Впрочем, пора обратиться непосредственно к 1917 году. Как уже сказано, “пугачевщина” и “разинщина” постоянно вспоминались в то время, — что было вполне естественно. Вместе с тем на сей раз последствия были совсем иными, чем при Пугачеве, ибо бунтом была захвачена и до основания разложенная новыми правителями армия (которая во время пугачевщины все-таки сохранилась — пусть и было немало случаев перехода солдат и даже офицеров в ряды бунтовщиков). Более того, миллионы солдат, самовольно покидавших — нередко с оружием в руках — армию, стали наиболее действенной закваской всеобщего бунта.
Советская историография пыталась доказывать, что-де основная масса “бунтовщиков”, — в том числе солдаты, — боролась в 1917 году против “буржуазного” Временного правительства за победу большевиков, за социализм-коммунизм. Но это явно не соответствует действительности. Генерал Деникин, досконально знавший факты, говоря в своих фундаментальных “Очерках русской смуты” о самом широком распространении большевистской печати в армии, вместе с тем утверждал: “Было бы, однако, неправильно говорить о непосредственном влиянии печати на солдатскую массу. Его не было… Печать оказывала влияние главным образом на полуинтеллигентскую (весьма незначительную количественно. — В.К.) часть армейского состава”. Что же касается миллионов рядовых солдат, то в их сознании, констатировал генерал, “преобладало прямолинейное отрицание: “Долой!” Долой… вообще все опостылевшее, надоевшее, мешающее так или иначе утробным инстинктам и стесняющее “свободную волю” — все долой!” 140.
Нельзя не отметить прямое противоречие в этом тексте: Деникин определяет бунт солдат и как проявление “утробных инстинктов” — то есть как нечто низменное, телесное, животное, и в то же время как порыв к “свободной воле” (для определения этого феномена оказались как бы недостаточными взятые по отдельности слова “свобода” и “воля”, и генерал счел нужным соединить их, явно стремясь тем самым выразить нечто “беспредельное”; ср. народное словосочетание “воля вольная”). Но “утробные инстинкты” (например, животный страх перед гибелью) и стремление к безграничной “воле” — это, конечно же, совершенно различные явления; второе подразумевает, в частности, преодоление смертного страха… Таким образом, Деникин, едва ли сознавая это, дал солдатскому бунту и своего рода “высокое” толкование.
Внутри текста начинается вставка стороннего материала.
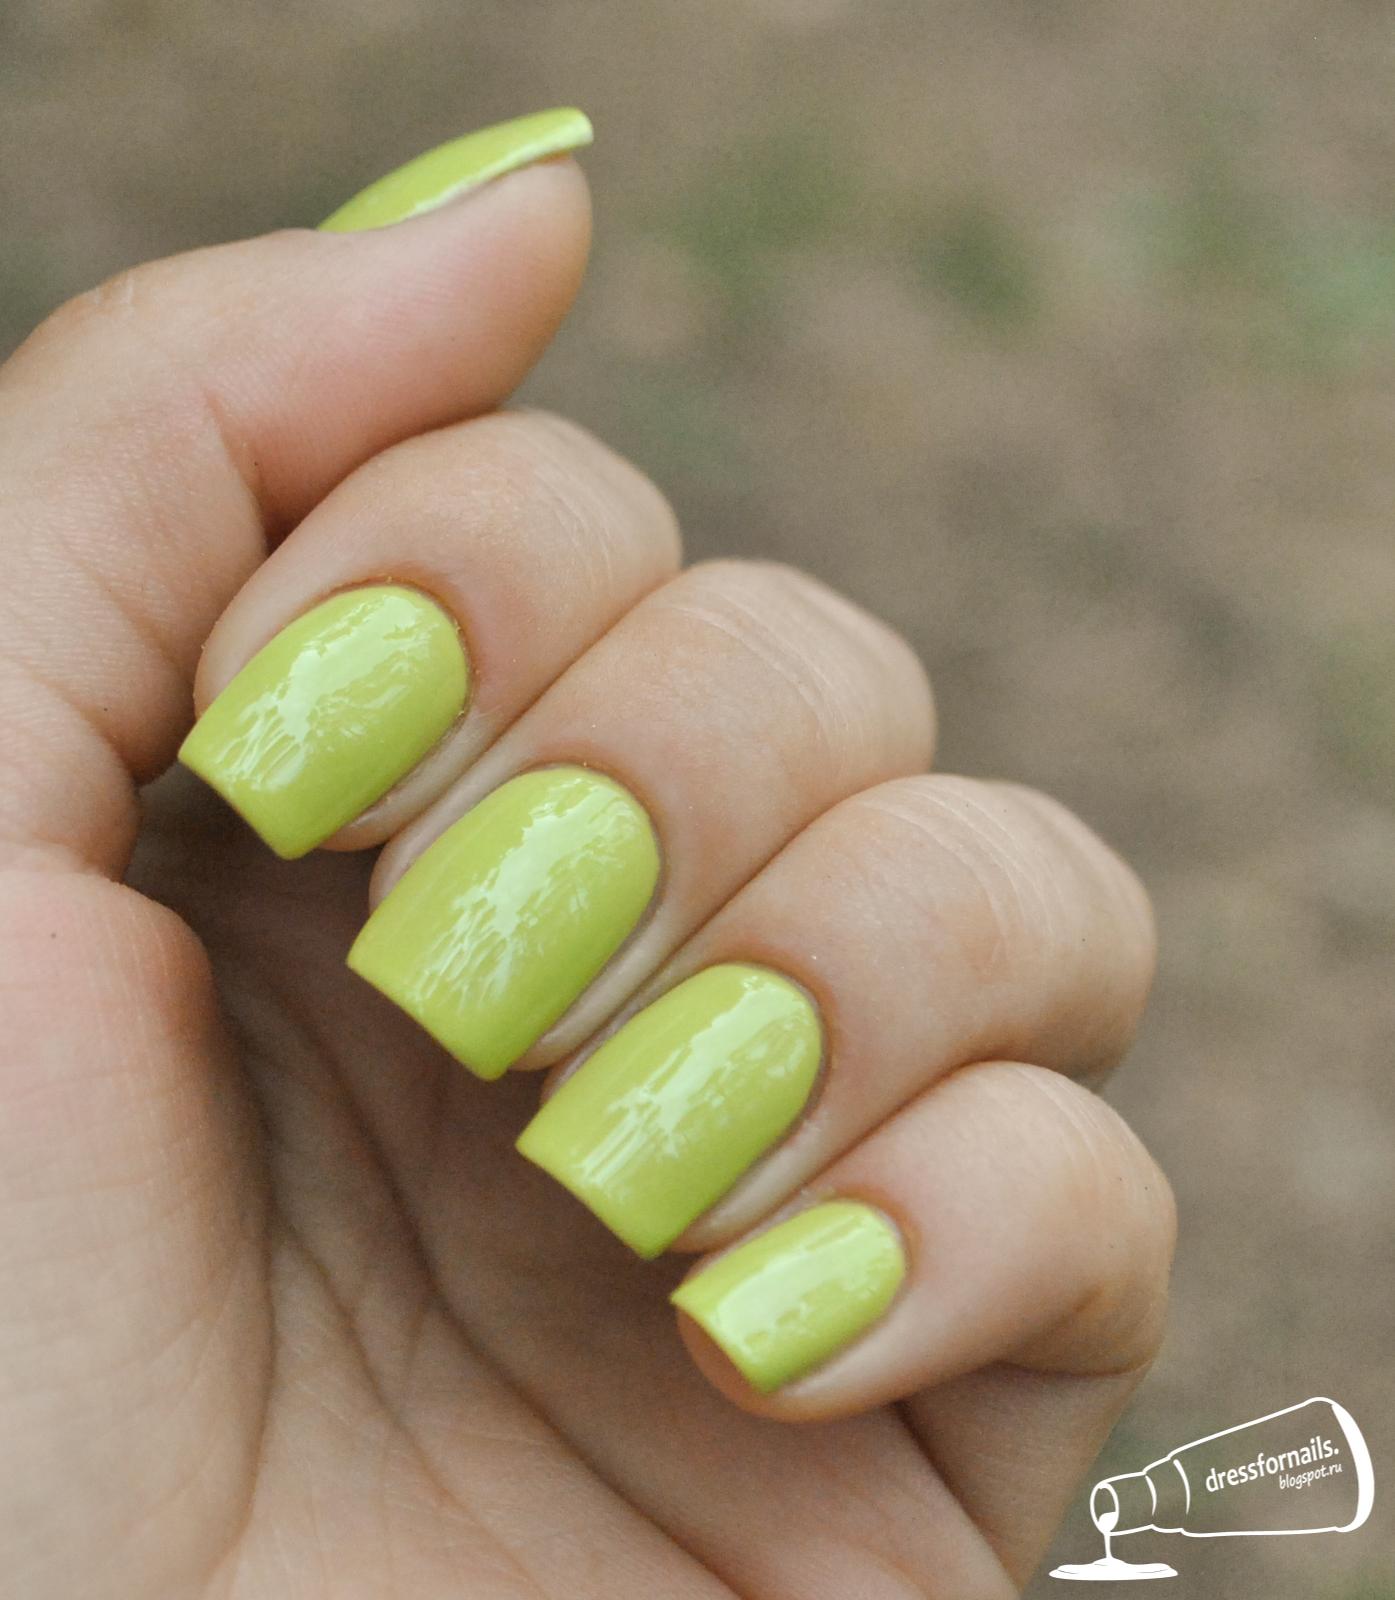 Нарощенные ногти в салатовом цвете фото
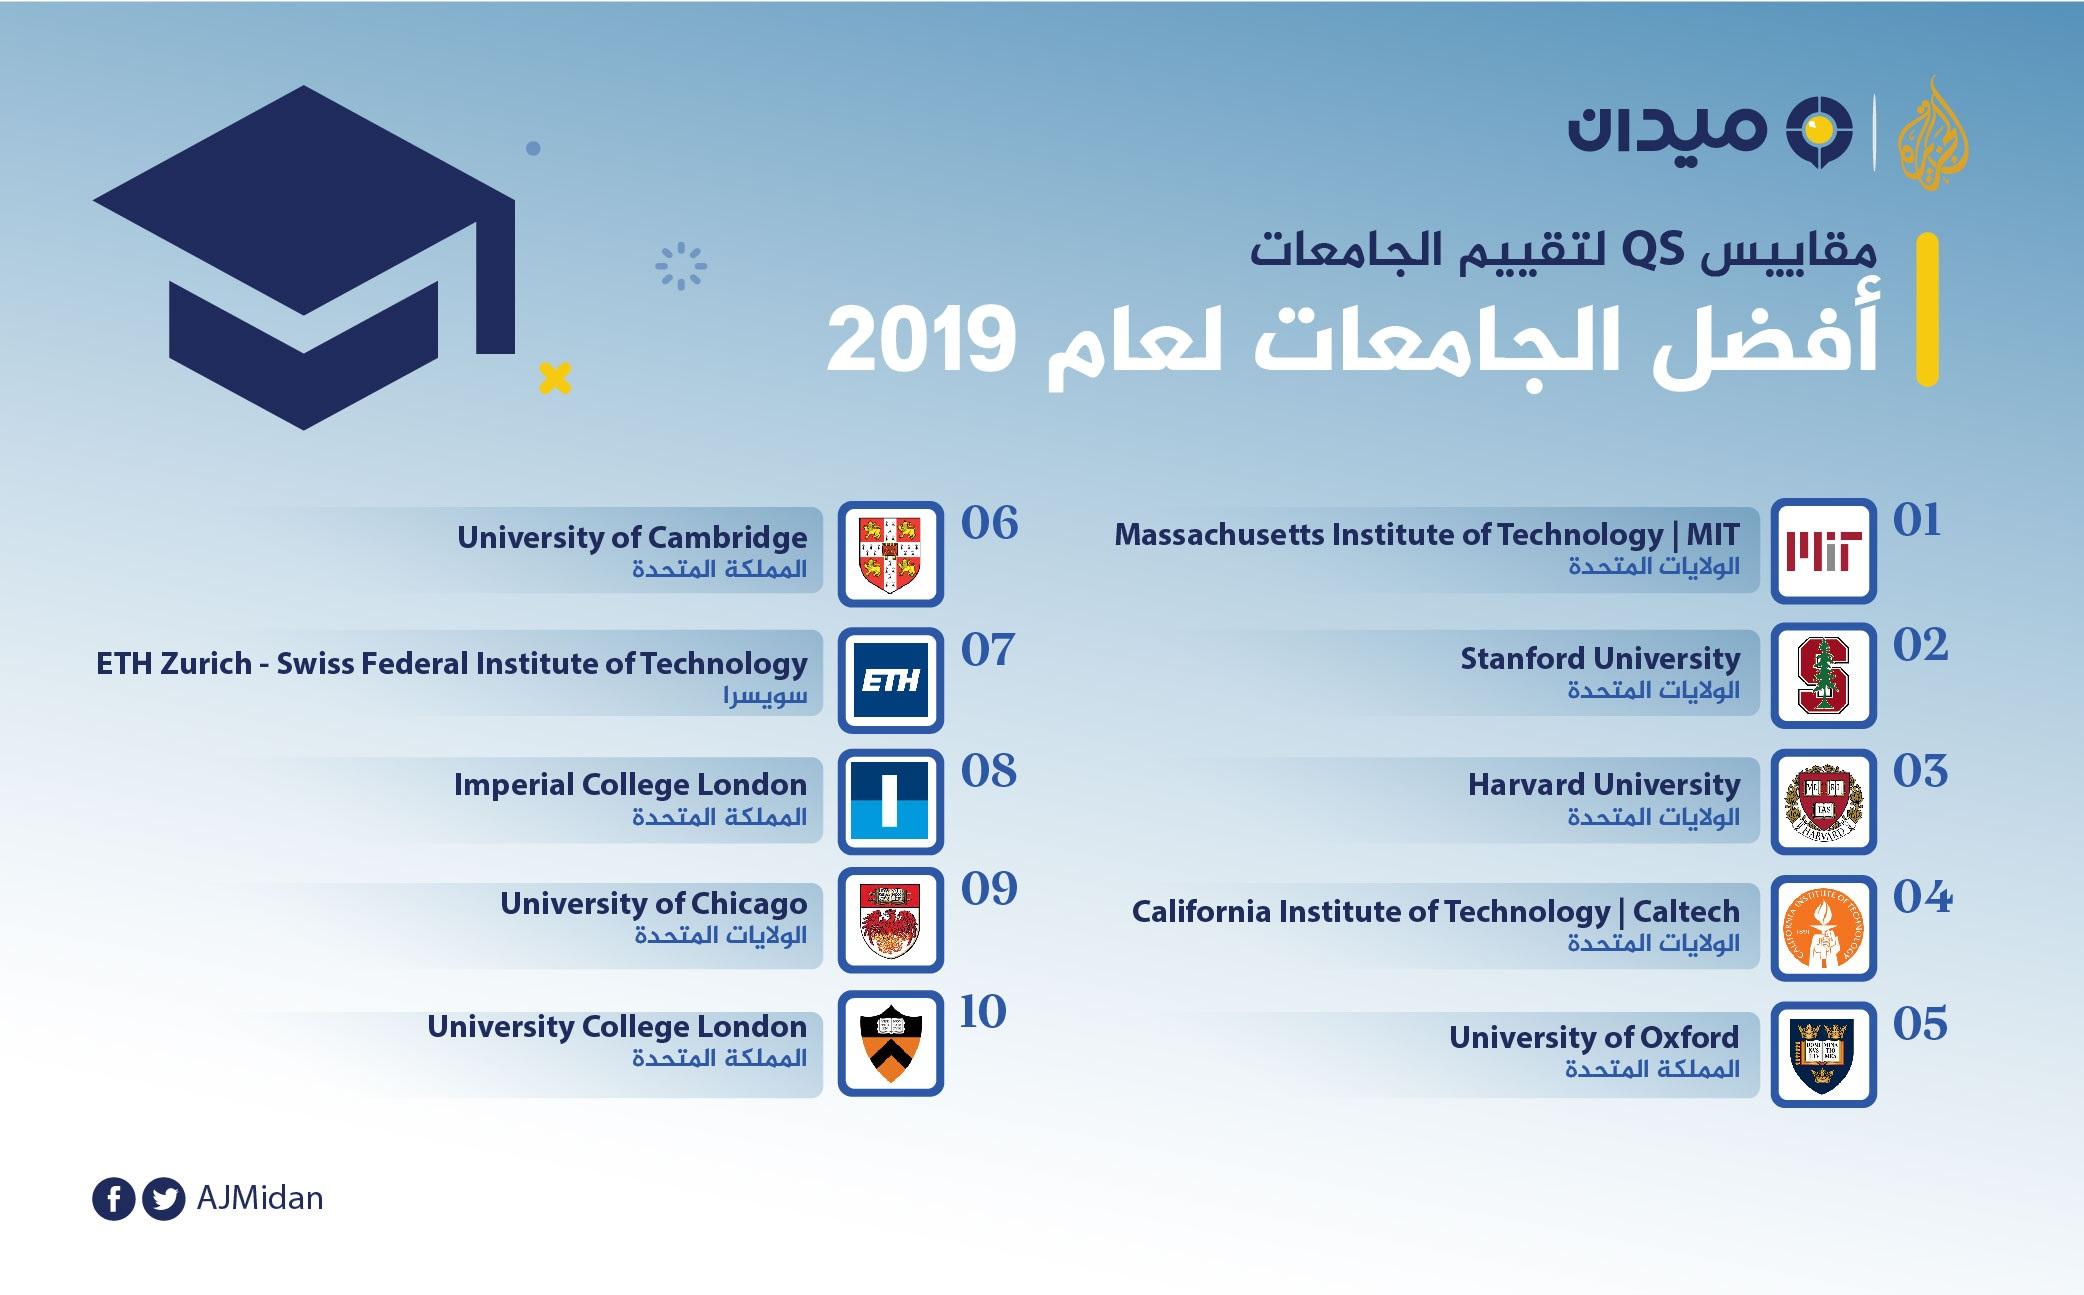 تصنيفات كيو أس تعرف على أفضل الجامعات العالمية لعام2019

Не исключено возражение, что Деникин, мол, исказил реальную картину, ибо не желал признавать внушительную роль ненавистных ему большевиков. Однако в сущности то же самое говорил в своих воспоминаниях генерал от кавалерии (с 1912 года) А. А. Брусилов, перешедший, в отличие от Деникина, на сторону большевиков. Бунтовавшие в 1917 году солдатские массы, свидетельствовал генерал, “совершенно не интересовал Интернационал, коммунизм и тому подобные вопросы, они только усвоили себе начала будущей свободной жизни” 141.
Следует привести еще мнение одного серьезно размышлявшего человека, который, по-видимому, не участвовал в революционных событиях, был только “страдающим” лицом, в конце концов бежавшим на Запад. Речь идет о российском немце М. М. Гаккебуше (1875-1929), издавшем в 1921 году в Берлине книжку с многозначительным заглавием “На реках Вавилонских: заметки беженца”; при этом он издал ее под таким же многозначительным псевдонимом “М. Горелов”, явно не желая и теперь, в эмиграции, вмешивать себя лично в политические распри.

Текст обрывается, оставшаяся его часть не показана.